Indubbiamente la mia generazione non ha goduto di una cultura scolastica che la sollecitasse allo studio della storia e preistoria dell’isola.
Cosa resta in mano: qualche briciola di luoghi comuni sui nuraghi, e sui bronzetti che venivano usati e venduti come ex voto, e anche esportati...
E anche l’ossidiana veniva esportata...
Stupore, quindi, quando intuisci una organizzazione di costruzioni destinate alle festività religiose degli antichi nuragici (vedere Altopiano di Serri), tanto simili alle capanne o casupole che anche attualmente contornano tante chiese campestri per ospitare fedeli e mercanti nelle annuali sagre religiose.

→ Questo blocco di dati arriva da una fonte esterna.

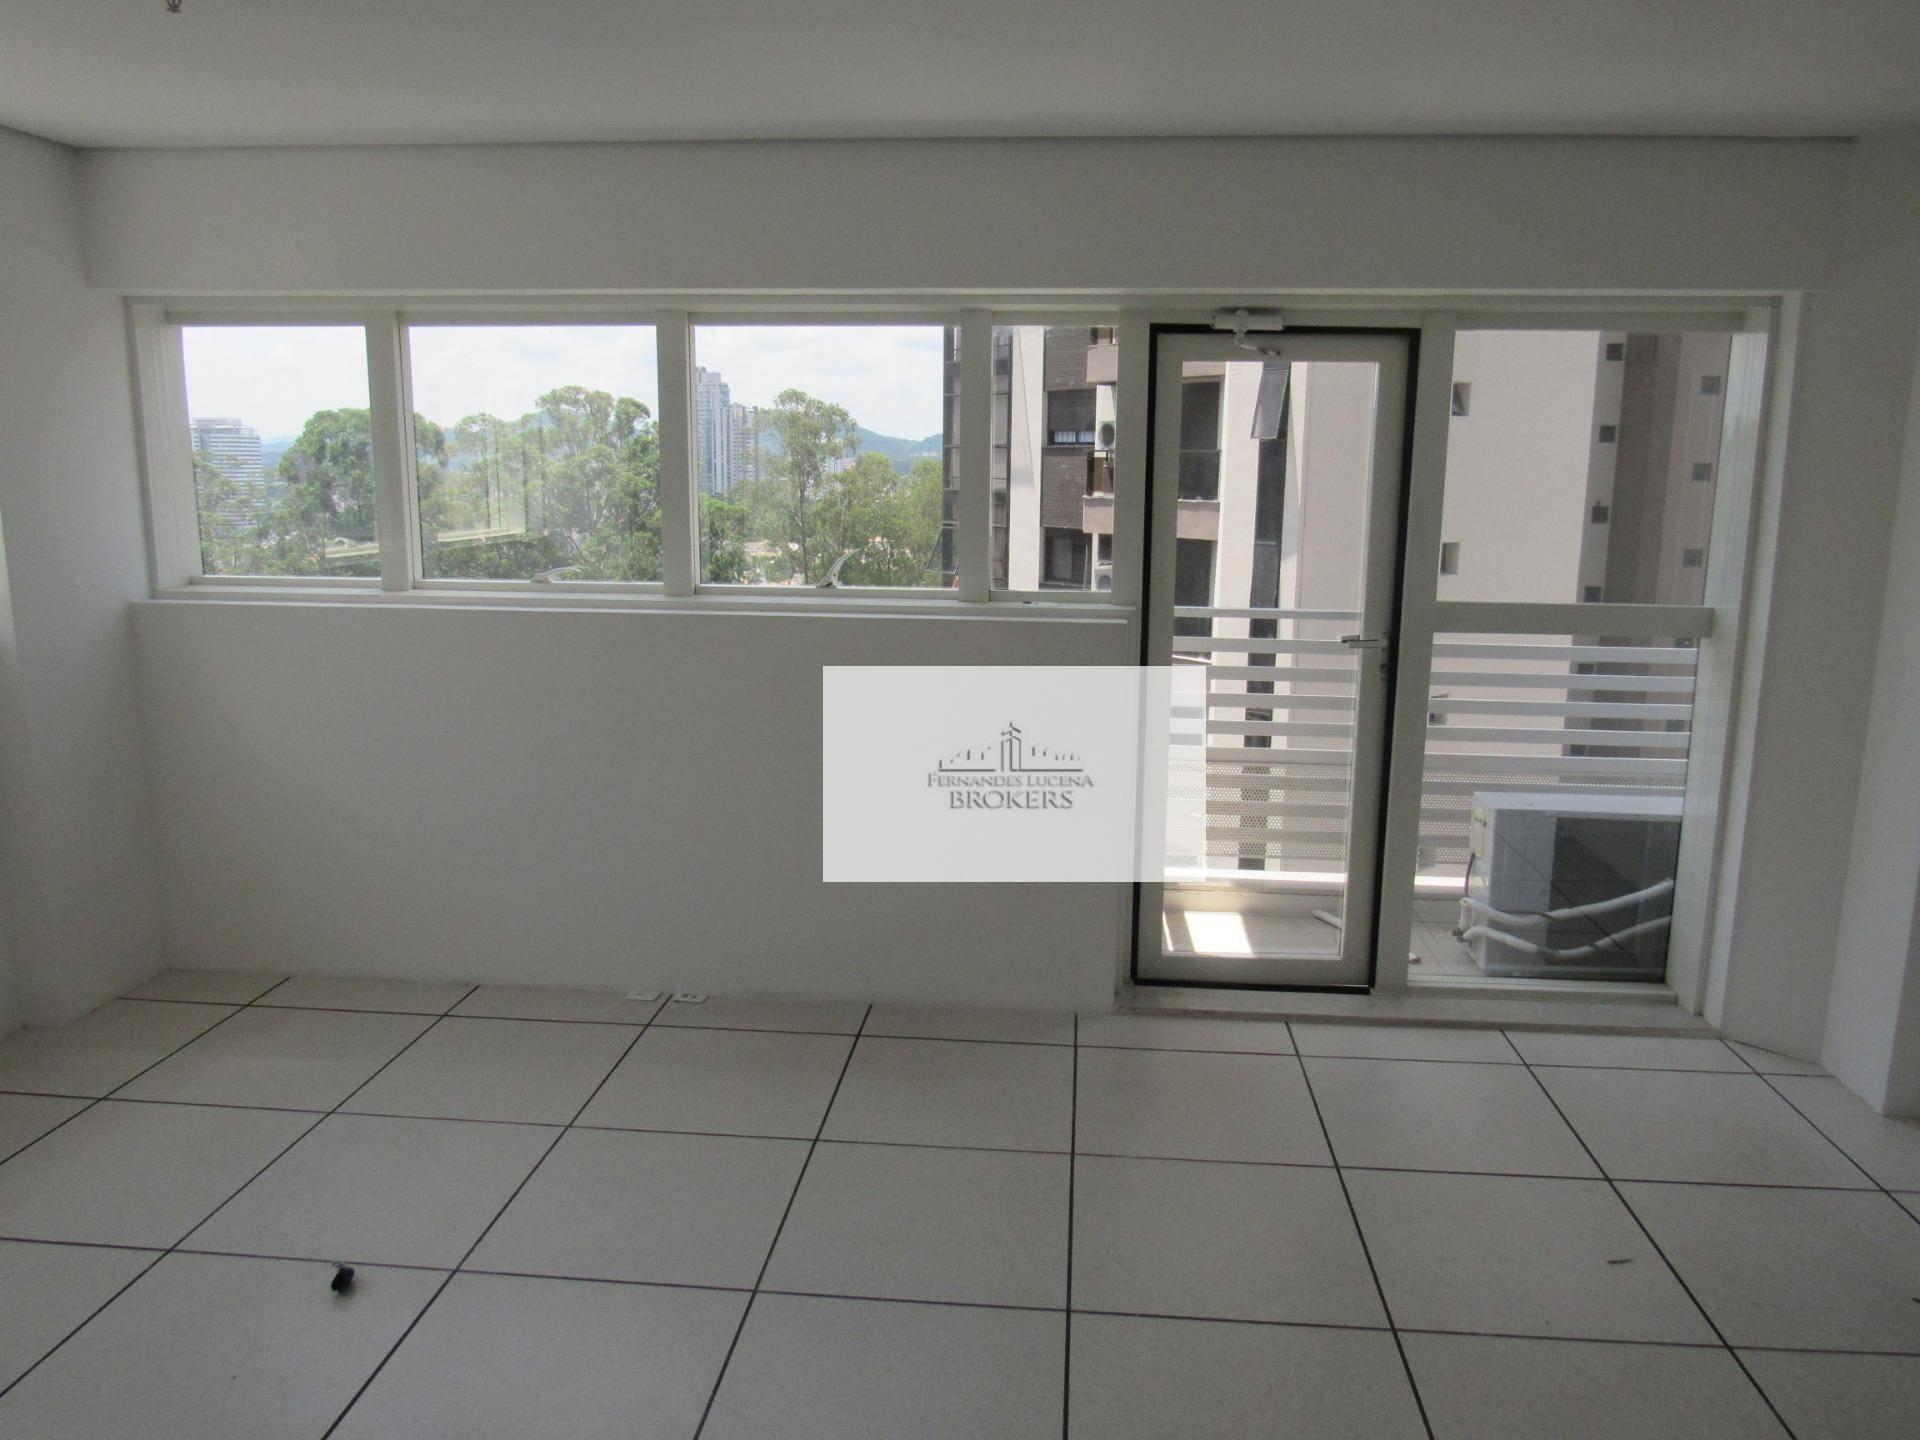 Conjunto para alugar, 31 m² por R$ 1.700/mês - Alphaville - Barueri/SP

Commozione, quando ti appare il bacino ovale ad anfiteatro (vedere Bitti: Su Romanzesu) che riceveva l’acqua vitale del vicino pozzo sacro. E non fai un grande sforzo di immaginazione a vedere gli antichi che sostavano sui gradoni o compivano abluzioni con fervida concentrazione.

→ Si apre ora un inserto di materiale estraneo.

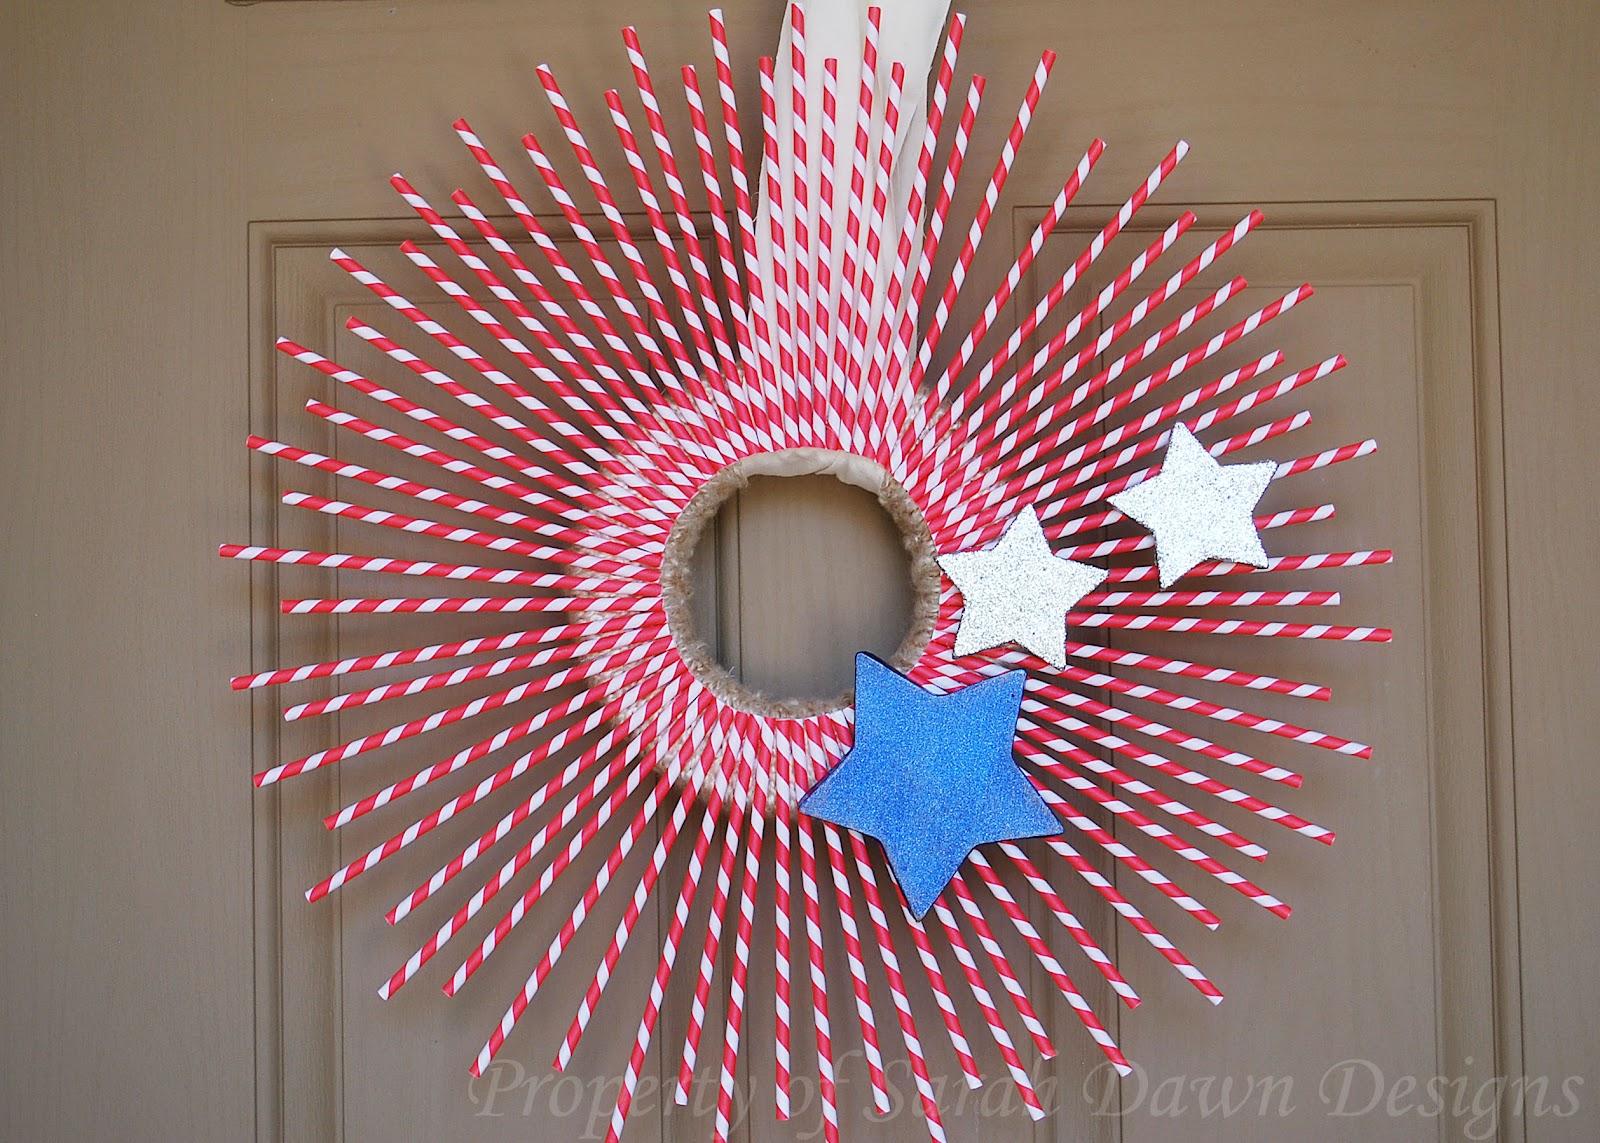 Sarah Dawn Designs Patriotic Wreath Tutorial

Mistero, profondo, quando contempli l’altare preistorico (vedere Monte d’Accoddi, vicino Sassari), unico nel Mediterraneo e anch’esso di memoria mediorientale. Il giorno che lo visitai (ero nella mia di preistoria), era ancora un’informe collinetta con una pedana sterrata che la raggiungeva in cima; tutto piatto e secco, intorno. Da un’auto scesero due bambini che, contenti e con paletta e secchiello si diressero correndo verso la base del monumento. La femminuccia, più grande, disse: “Dai che dobbiamo prendere fossili per diddina (madrina)!”.
Già archeologi. O tombaroli in erba?